**** Data provided ****
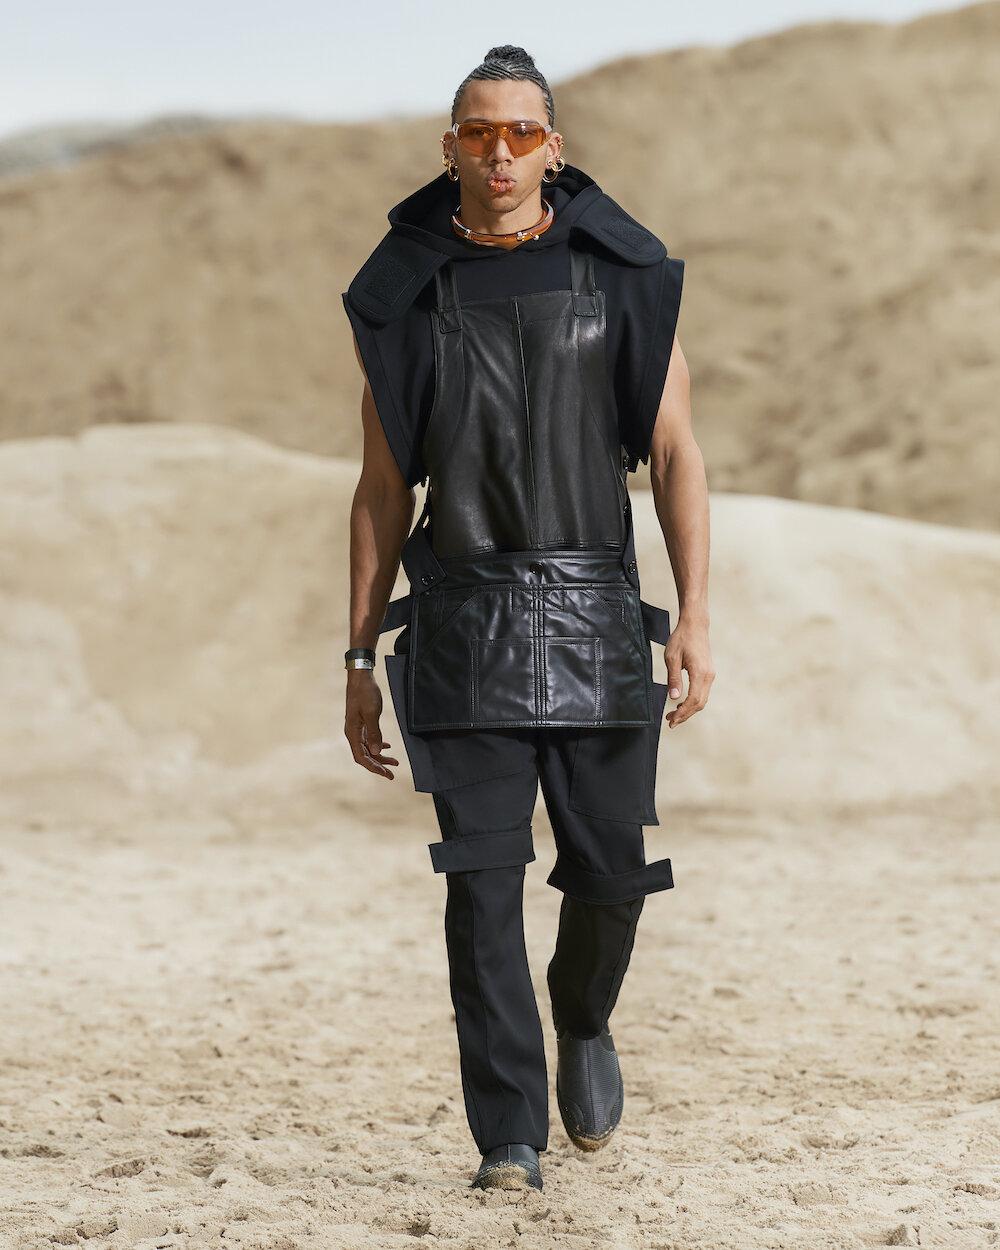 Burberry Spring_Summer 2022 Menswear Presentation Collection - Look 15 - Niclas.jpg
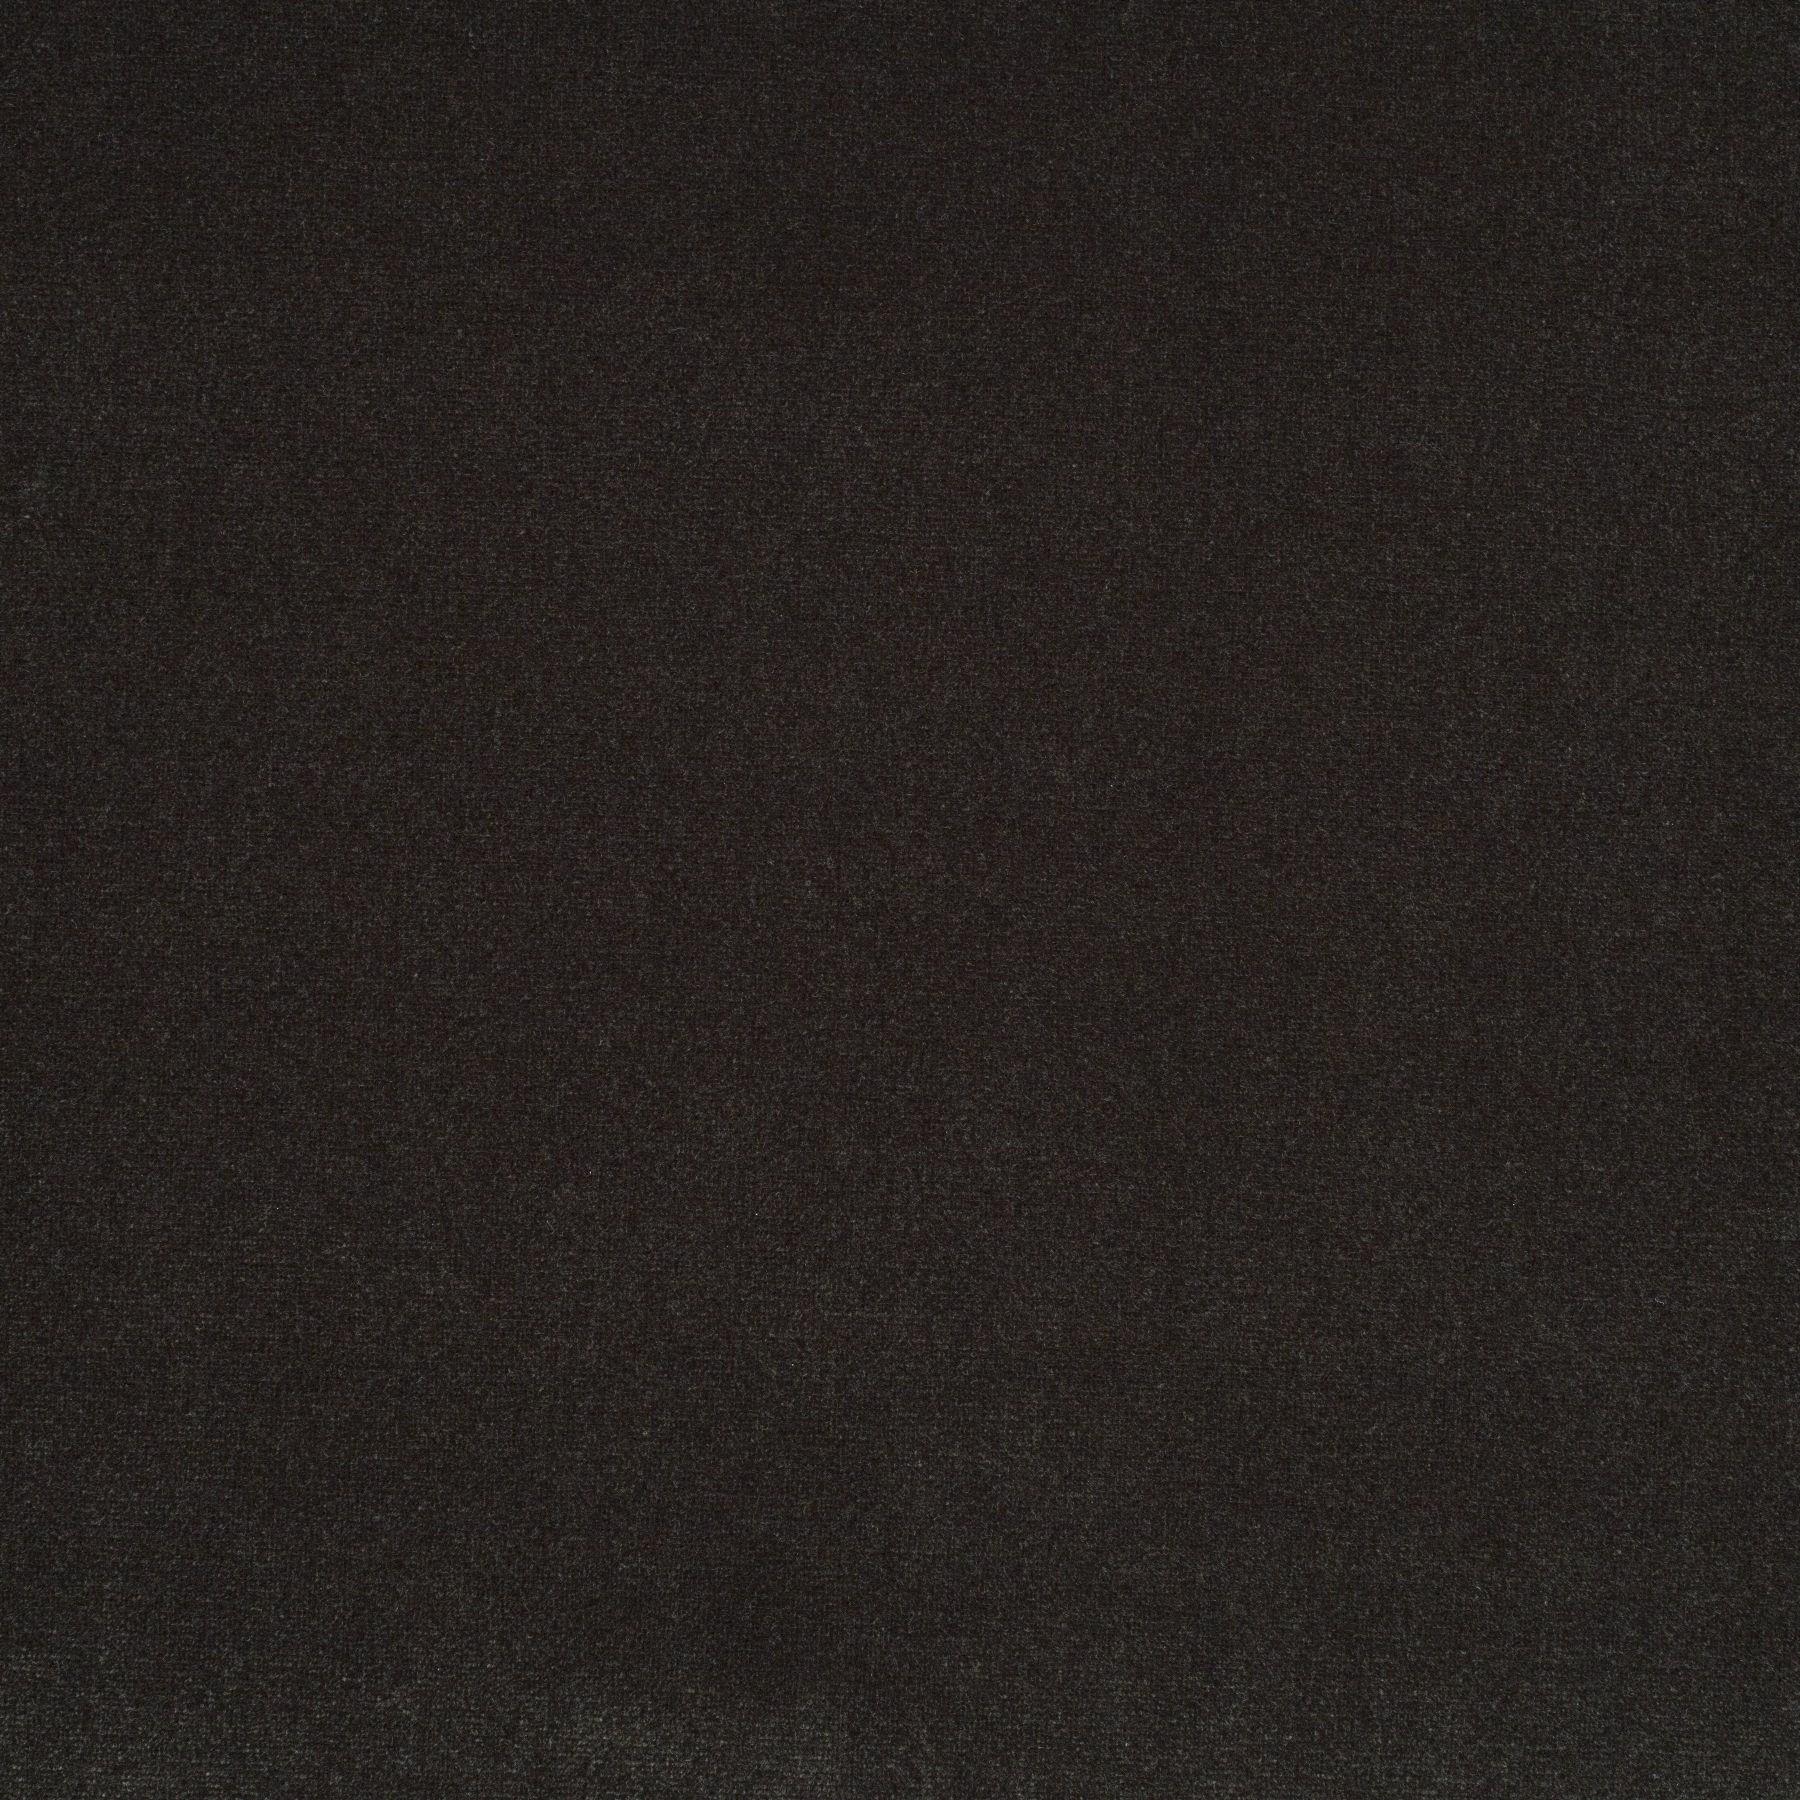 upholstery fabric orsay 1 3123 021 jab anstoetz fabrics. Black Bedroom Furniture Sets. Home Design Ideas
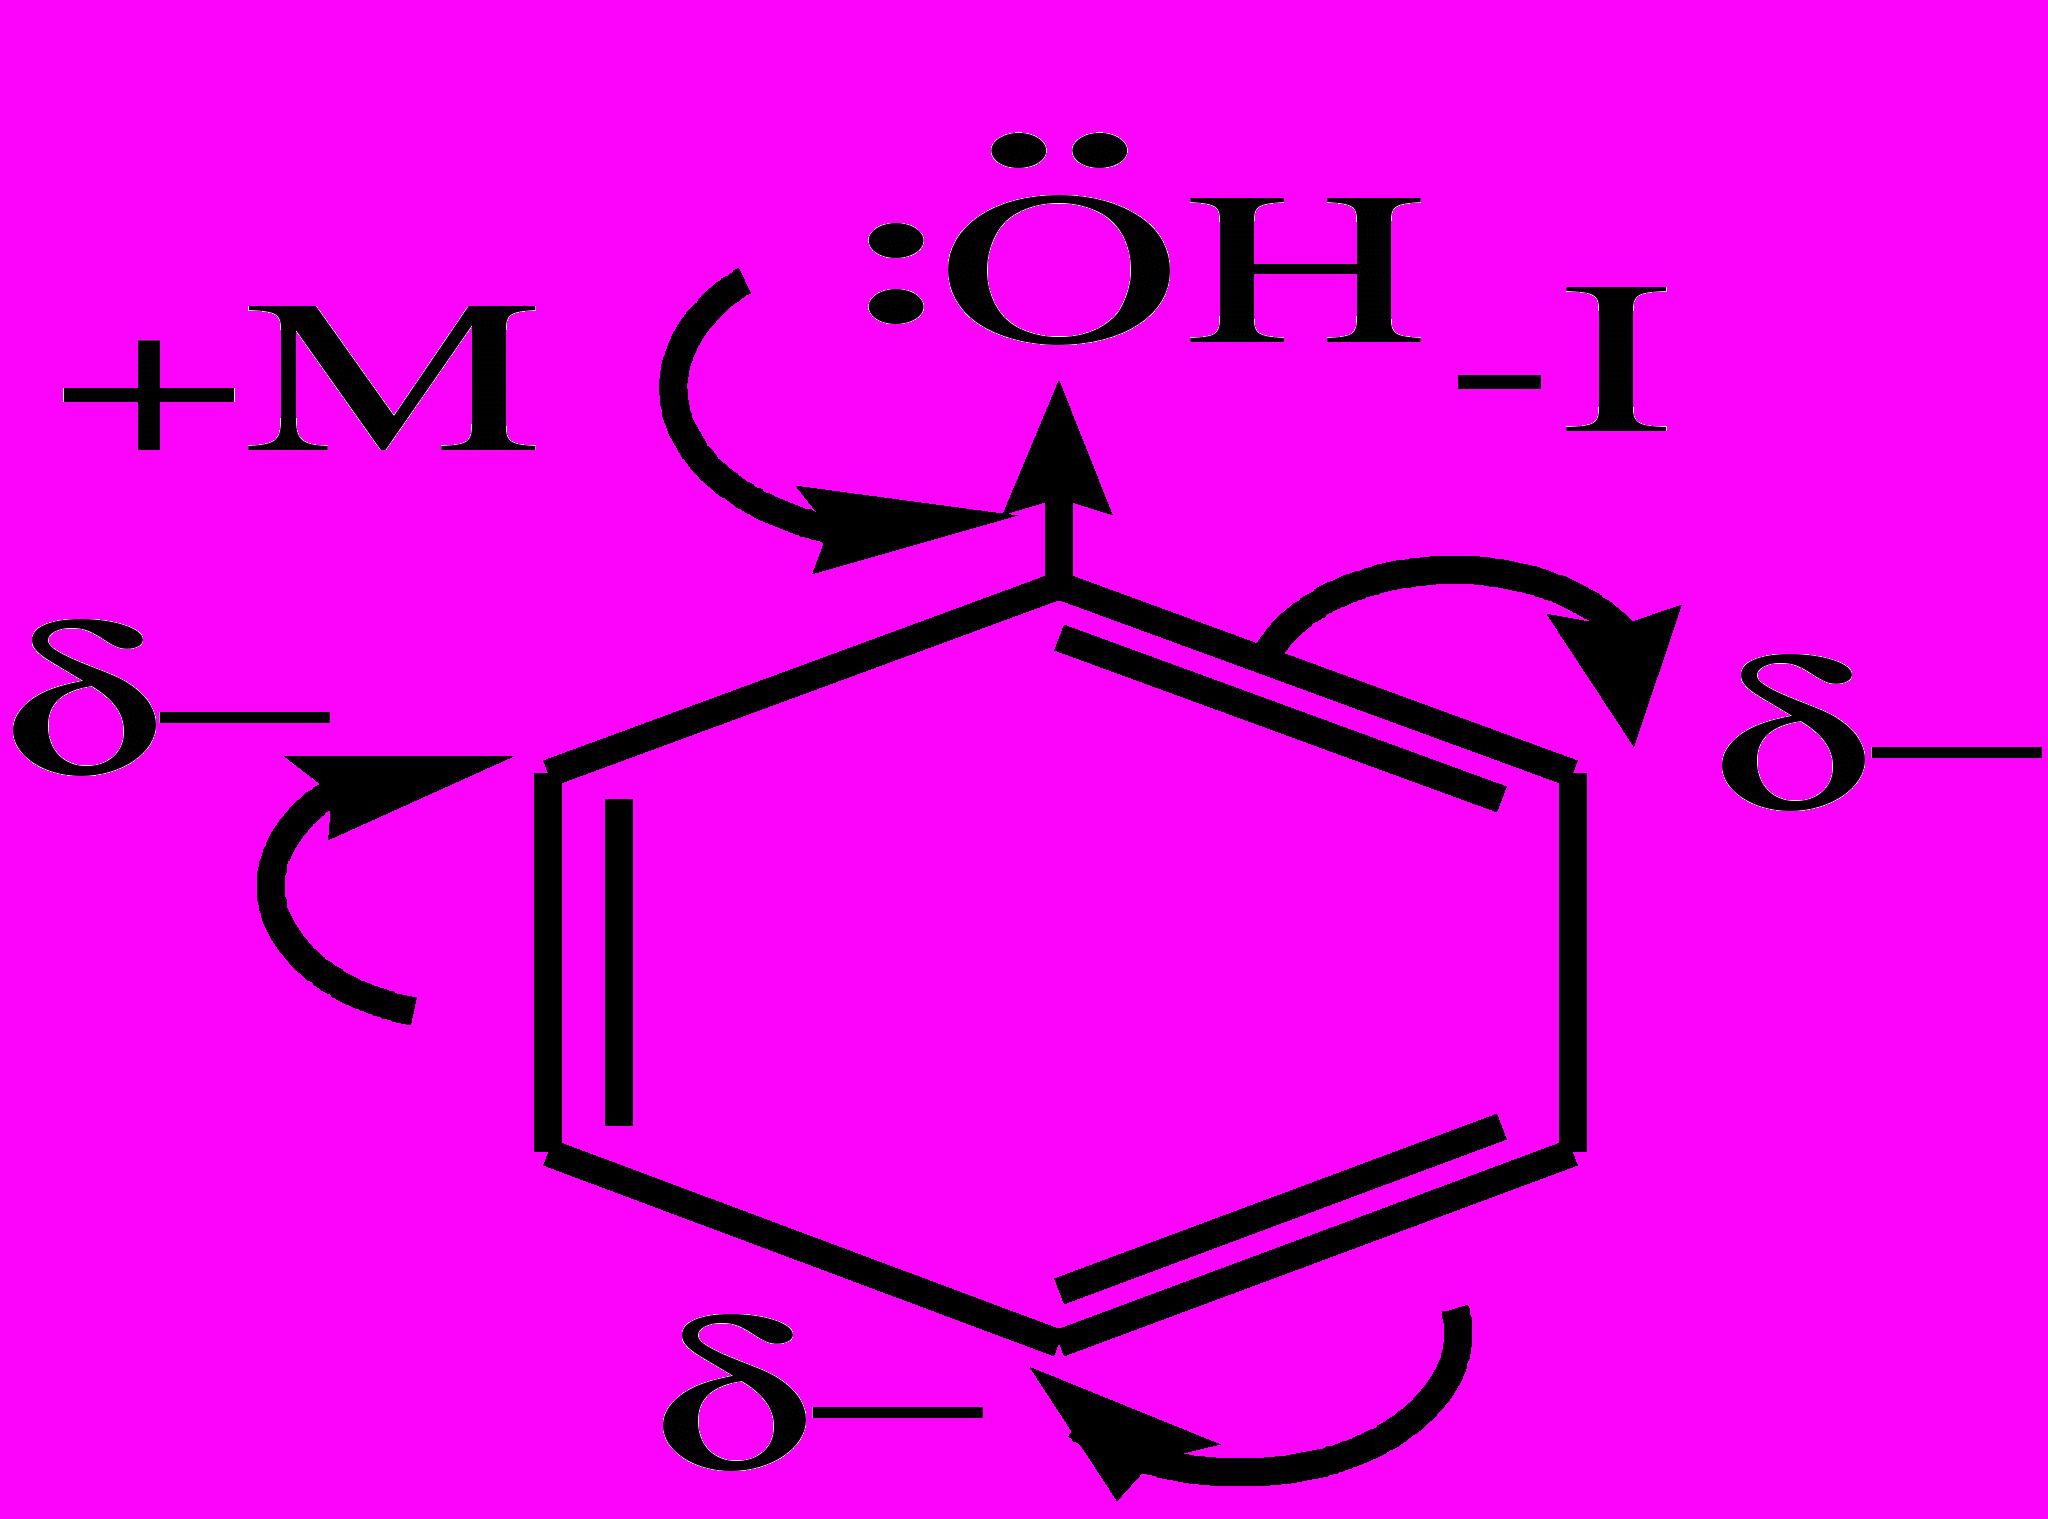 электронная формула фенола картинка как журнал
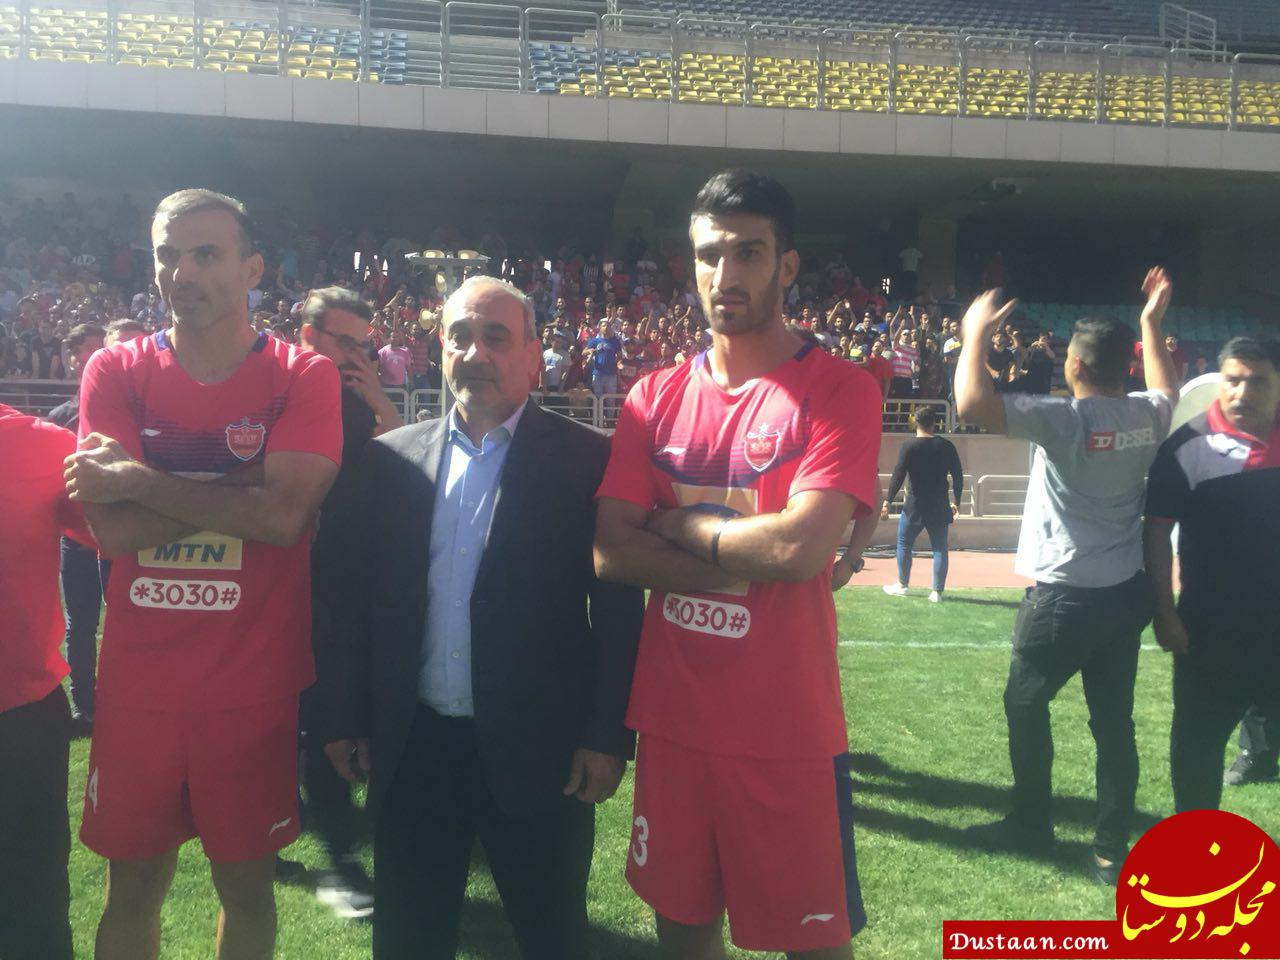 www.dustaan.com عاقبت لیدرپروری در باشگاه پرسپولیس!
****
Activity: The expected answer is the listing above, duplicated exactly, with its pictures removed.

Task output:
 Burberry Spring_Summer 2022 Menswear Presentation Collection - Look 15 - Niclas.jpg
 upholstery fabric orsay 1 3123 021 jab anstoetz fabrics. Black Bedroom Furniture Sets. Home Design Ideas
 электронная формула фенола картинка как журнал
 www.dustaan.com عاقبت لیدرپروری در باشگاه پرسپولیس!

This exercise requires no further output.